Barnes and Noble SMTP Follies

By Deane Barker
AI Summary

This post explores the author’s frustrating experience with Barnes & Noble’s SMTP service, detailing issues with email delivery and customer support. The author highlights challenges faced while trying to resolve these technical problems, emphasizing the complexity and inefficiencies encountered.

An order from BarnesAndNoble.com wasn’t delivered after 10 days, so yesterday I went to their site to find out why. I found a customer service form, and submitted it with my name, email, order number, etc. I got a confirmation page saying that the issue had been logged.

Then, today, I get this:

This is an automatically generated Delivery Status Notification.

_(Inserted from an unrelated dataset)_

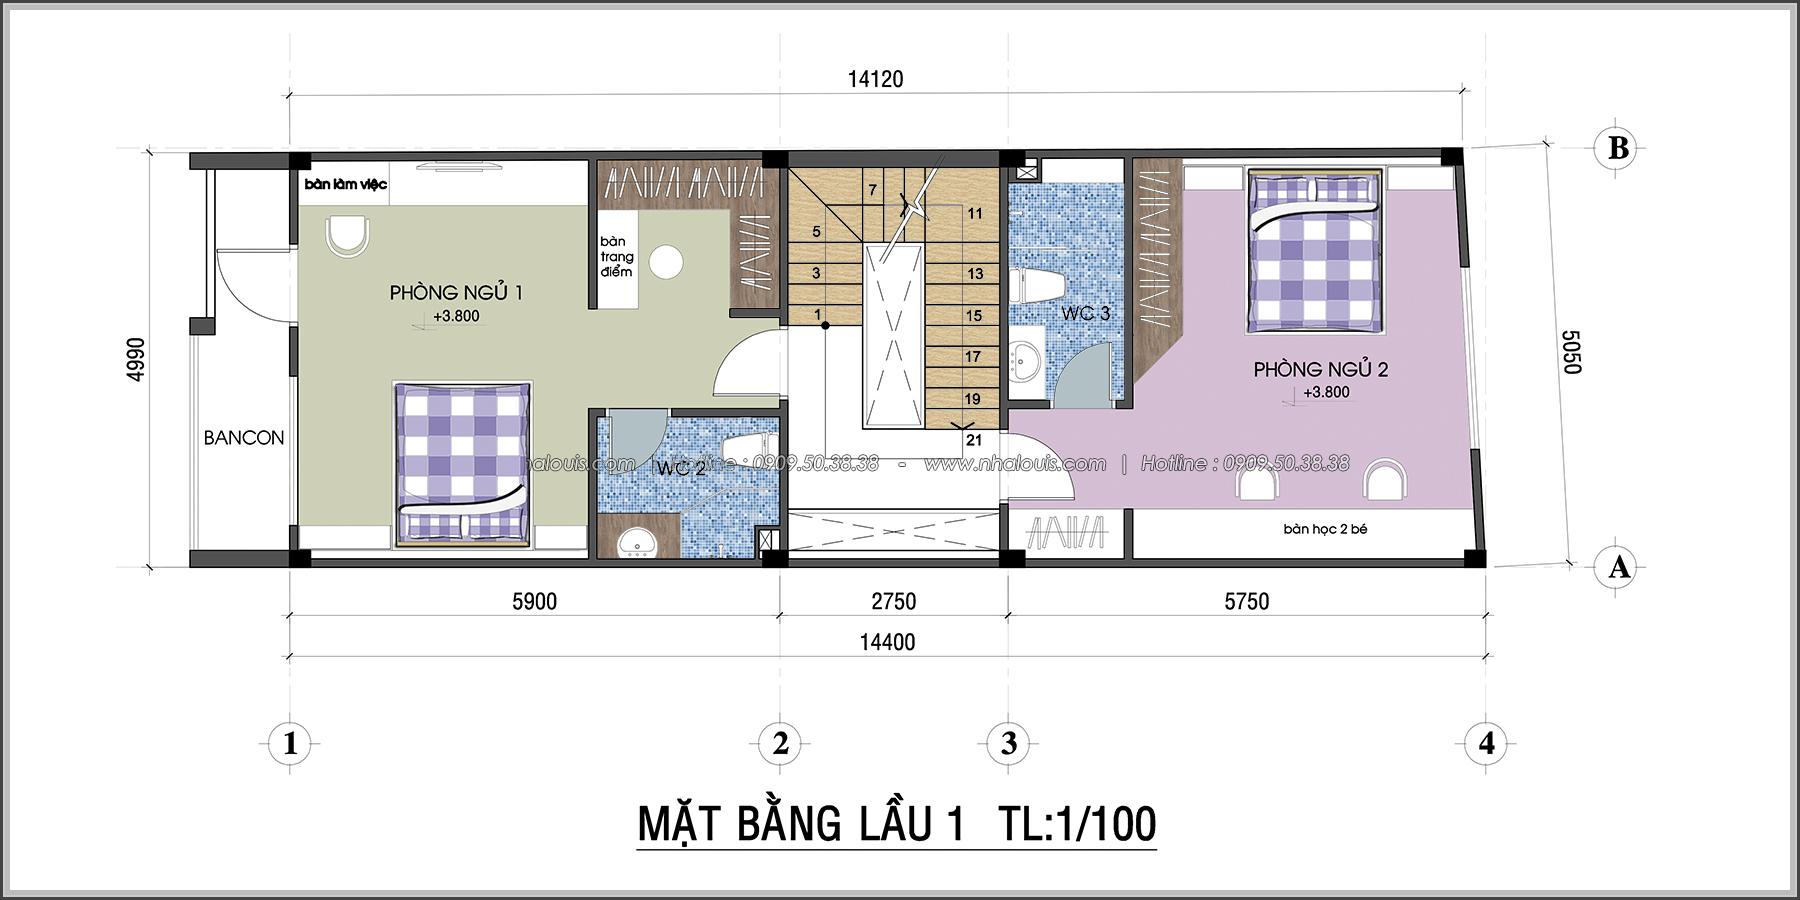 Thiết kế nhà 3 tầng mặt tiền 5m ở Quận 12 đẹp hiện đại và sang trọng - 05

THIS IS A WARNING MESSAGE ONLY. YOU DO NOT NEED TO RESEND YOUR MESSAGE. Delivery to the following recipients has been delayed. service@barnesandnoble.com

Could it really be that a company as big as Barnes and Noble is depending on SMTP email for something as critical as their customer service system?

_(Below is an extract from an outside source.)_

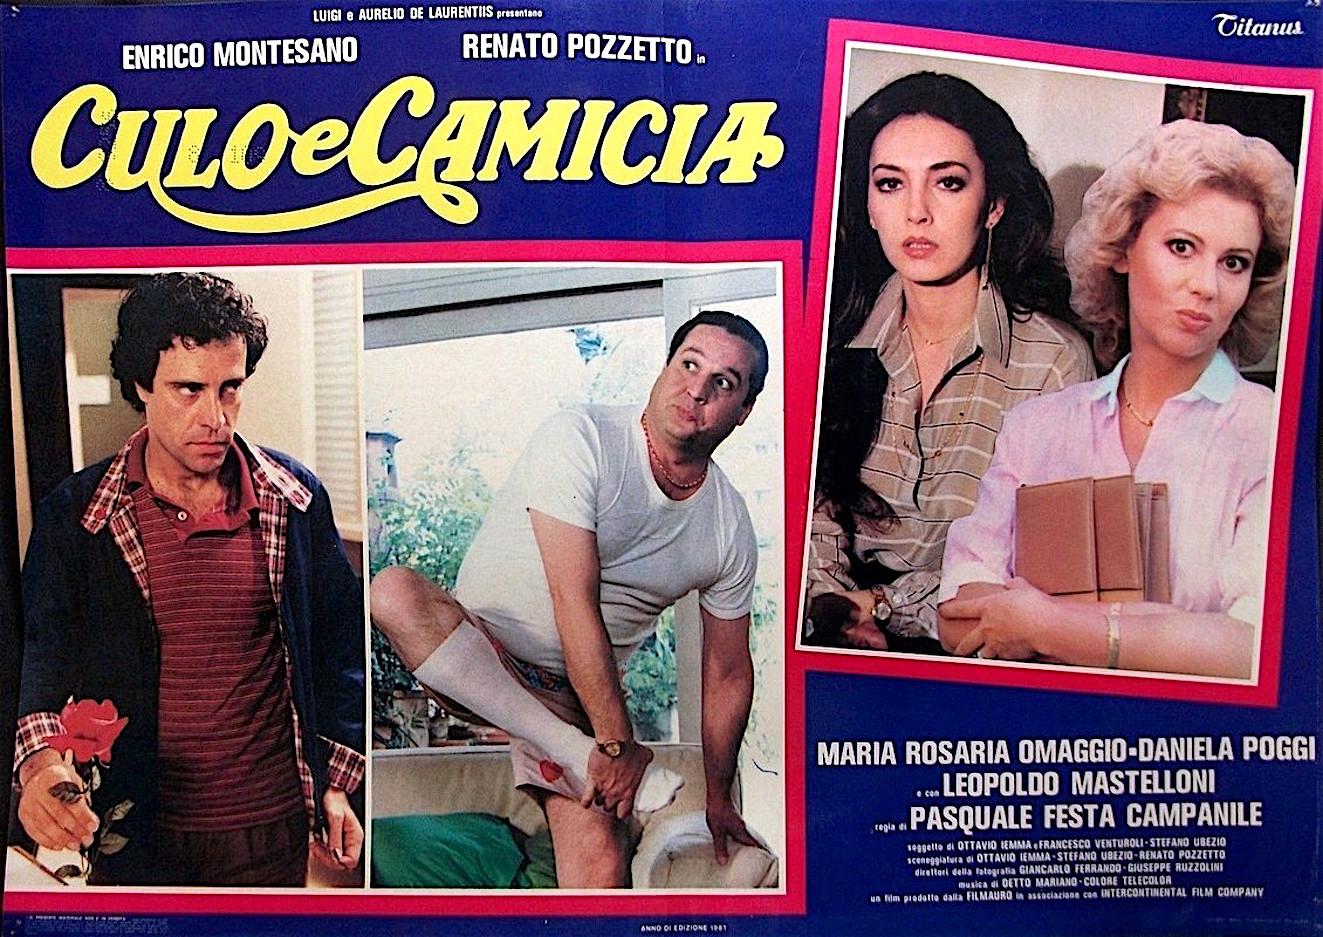 Enrico Montesano, Maria Rosaria Omaggio, Daniela Poggi, and Renato Pozzetto in Culo e camicia (1981)

This notice tells me that the form just generated an SMTP email that was sent to that customer service address. Indeed, the email it generated was attached – it was my form data with User-Agent and IP tacked on (it looked suspiciously like a FrontPage WebBot email, actually).

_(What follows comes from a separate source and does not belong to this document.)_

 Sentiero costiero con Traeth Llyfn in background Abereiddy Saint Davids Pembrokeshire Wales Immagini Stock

Was it logged in a database? A CRM system? Doesn’t seem like it. It seems like Barnes and Noble honestly just dumps the form data to an email, tosses it at an SMTP server, and crosses its fingers.

Email is a fundamentally untrustworthy mechanism these days. For smaller companies and non-critical information, it’s fine. But for a Fortune 500 company to run a CRM-type application off it seems awfully risky to me, as evidenced here.

Links to this – Email Forms: Slient and Deadly January 11, 2006
I really hate email forms, from a developer perspective. Meaning, I hate forms that just email something somewhere and then forget about it. The fact is that email is a horrifically dodgy medium to do anything with. Two-and-a-half years ago, I complained about Barnes and Noble doing this. A...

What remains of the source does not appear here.